Willie Taggert I hope. Or Carrot Top.


----------



## Big7 (Jan 11, 2022)

He won't retire on a loss. ?


----------



## Howard Roark (Jan 11, 2022)

He ain’t going anywhere.

He is loaded for next years with a year of defeat to think about.


----------



## Gator89 (Jan 11, 2022)

Howard Roark said:


> He ain’t going anywhere.
> 
> He is loaded for next years with a year of defeat to think about.



Bryce Young should get even better and if the freshmen receivers learn to catch the ball as sophomores, they will be as tough as ever.


----------



## elfiii (Jan 11, 2022)

Gator89 said:


> Bryce Young should get even better and if the freshmen receivers learn to catch the ball as sophomores, they will be as tough as ever.



Yep. In Saban's case next man up is for real. We're getting close though.


----------



## toolmkr20 (Jan 11, 2022)

That Natty last night just bought Kirby an easy 15+ years of coaching at UGA no matter how things shake out. Kirby ain’t going anywhere bank on it.


----------



## Silver Britches (Jan 11, 2022)

Todd Grantham


----------



## The Original Rooster (Jan 11, 2022)

If Saban was to retire, Alabama is due for their own Ray Goff like Georgia had to endure. Not every coach can be a home run.


----------



## Gator89 (Jan 11, 2022)

RoosterTodd said:


> If Saban was to retire, Alabama is due for their own Ray Goff like Georgia had to endure. Not every coach can be a home run.



They did that, between Stallings and Saban.


----------



## The Original Rooster (Jan 11, 2022)

Gator89 said:


> They did that, between Stallings and Saban.


A lot of that losing could have been contributed to by the loss of scholarships from the infractions caused by Stallings tenure.


----------



## Gator89 (Jan 11, 2022)

RoosterTodd said:


> A lot of that losing could have been contributed to by the loss of scholarships from the infractions caused by Stallings tenure.



Ray Perkins may have been a homer, but he was not a home run.


----------



## Raylander (Jan 11, 2022)

First off, Saban ain’t retiring anytime soon..

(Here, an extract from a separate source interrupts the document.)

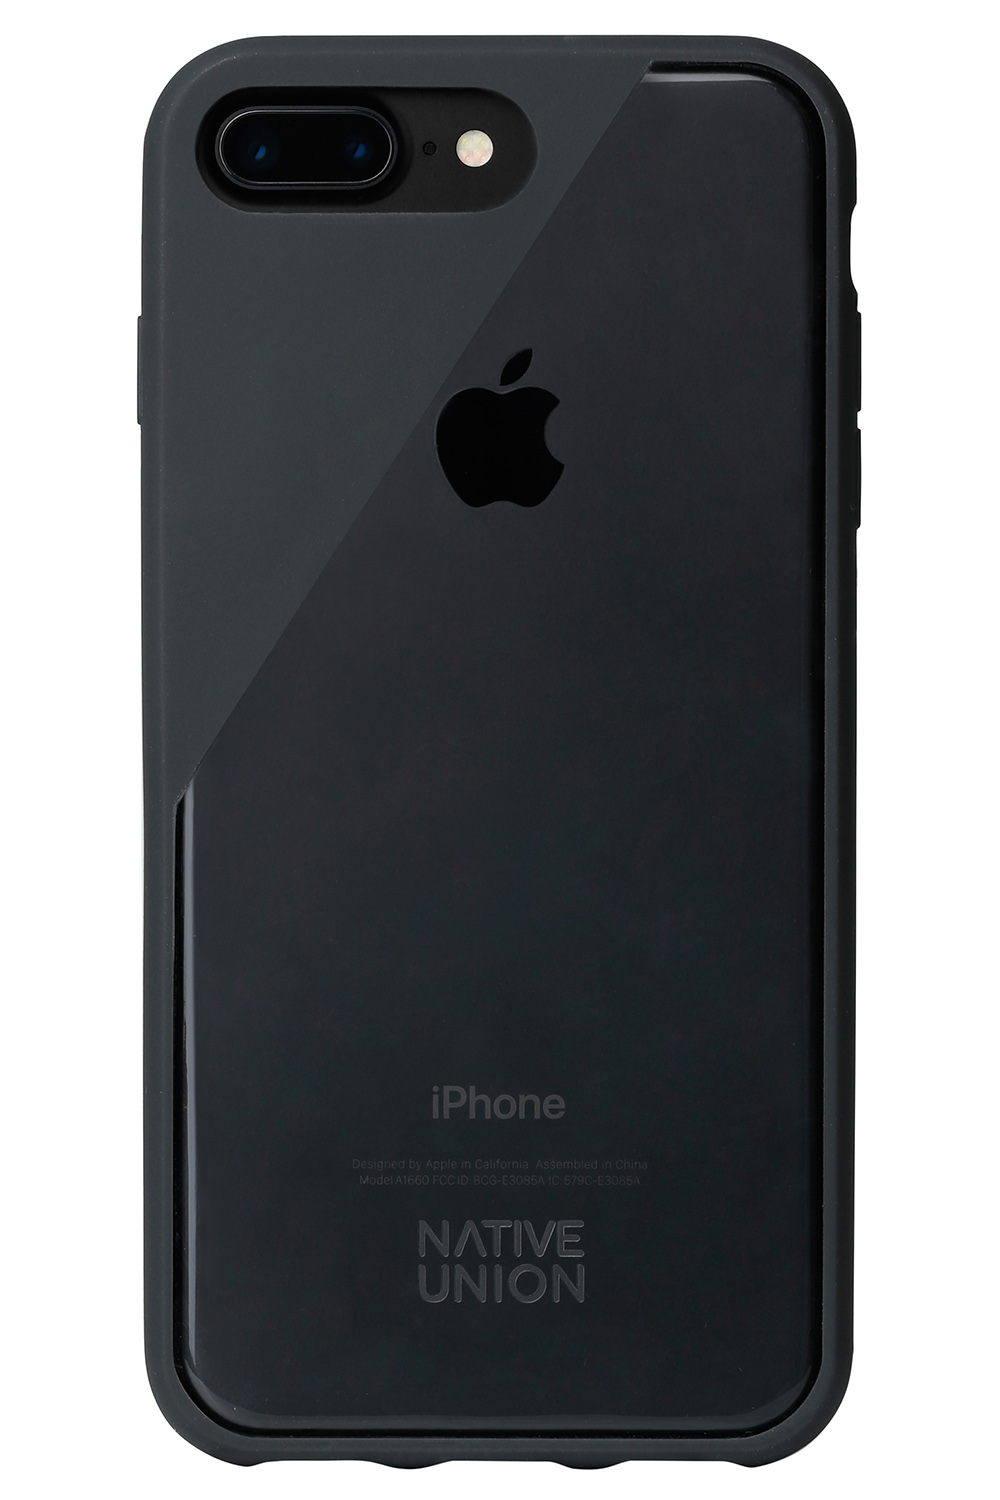 【Native Union】CLIC Crystal 水晶空壓手機殼-黑(iPhone 7 Plus)

Lane Kiffin will move to Tuscaloosa when the time comes


----------



## gawildlife (Jan 11, 2022)

Gator89 said:


> Ray Perkins may have been a homer, but he was not a home run.



Perkins was not Bryant's pick.


----------



## gawildlife (Jan 11, 2022)

Raylander said:


> First off, Saban ain’t retiring anytime soon..
> 
> Lane Kiffin will move to Tuscaloosa when the time comes



Over my dead body.


----------



## Raylander (Jan 11, 2022)

gawildlife said:


> Over my dead body.



Hide and watch


----------



## gawildlife (Jan 11, 2022)

While Kirby was the guy while at Tuscaloosa his heart has always been in Athens. He sealed the deal last night. He will retire there.
Dabo would be my call.


----------



## James12 (Jan 11, 2022)

Kiffin.

But Saban’s 19/20’ classes are about to play.


----------



## BuckNasty83 (Jan 11, 2022)

lampern said:


> Kirby?
> 
> Dabo?
> 
> ...



With Clemson looking more like their "usual self" you'd have to think Dabo, but because of that,  you'd also have to look over Dabo


----------



## elfiii (Jan 11, 2022)

gawildlife said:


> While Kirby was the guy while at Tuscaloosa his heart has always been in Athens. He sealed the deal last night. He will retire there.
> Dabo would be my call.





BuckNasty83 said:


> With Clemson looking more like their "usual self" you'd have to think Dabo, but because of that,  you'd also have to look over Dabo



In a couple of years Dabo won't be able to get out of Clemson, SC fast enough and if the timing works with Saban he'll be headed to Tuscaloosa.


----------



## bullgator (Jan 11, 2022)

toolmkr20 said:


> That Natty last night just bought Kirby an easy 15+ years of coaching at UGA no matter how things shake out. Kirby ain’t going anywhere bank on it.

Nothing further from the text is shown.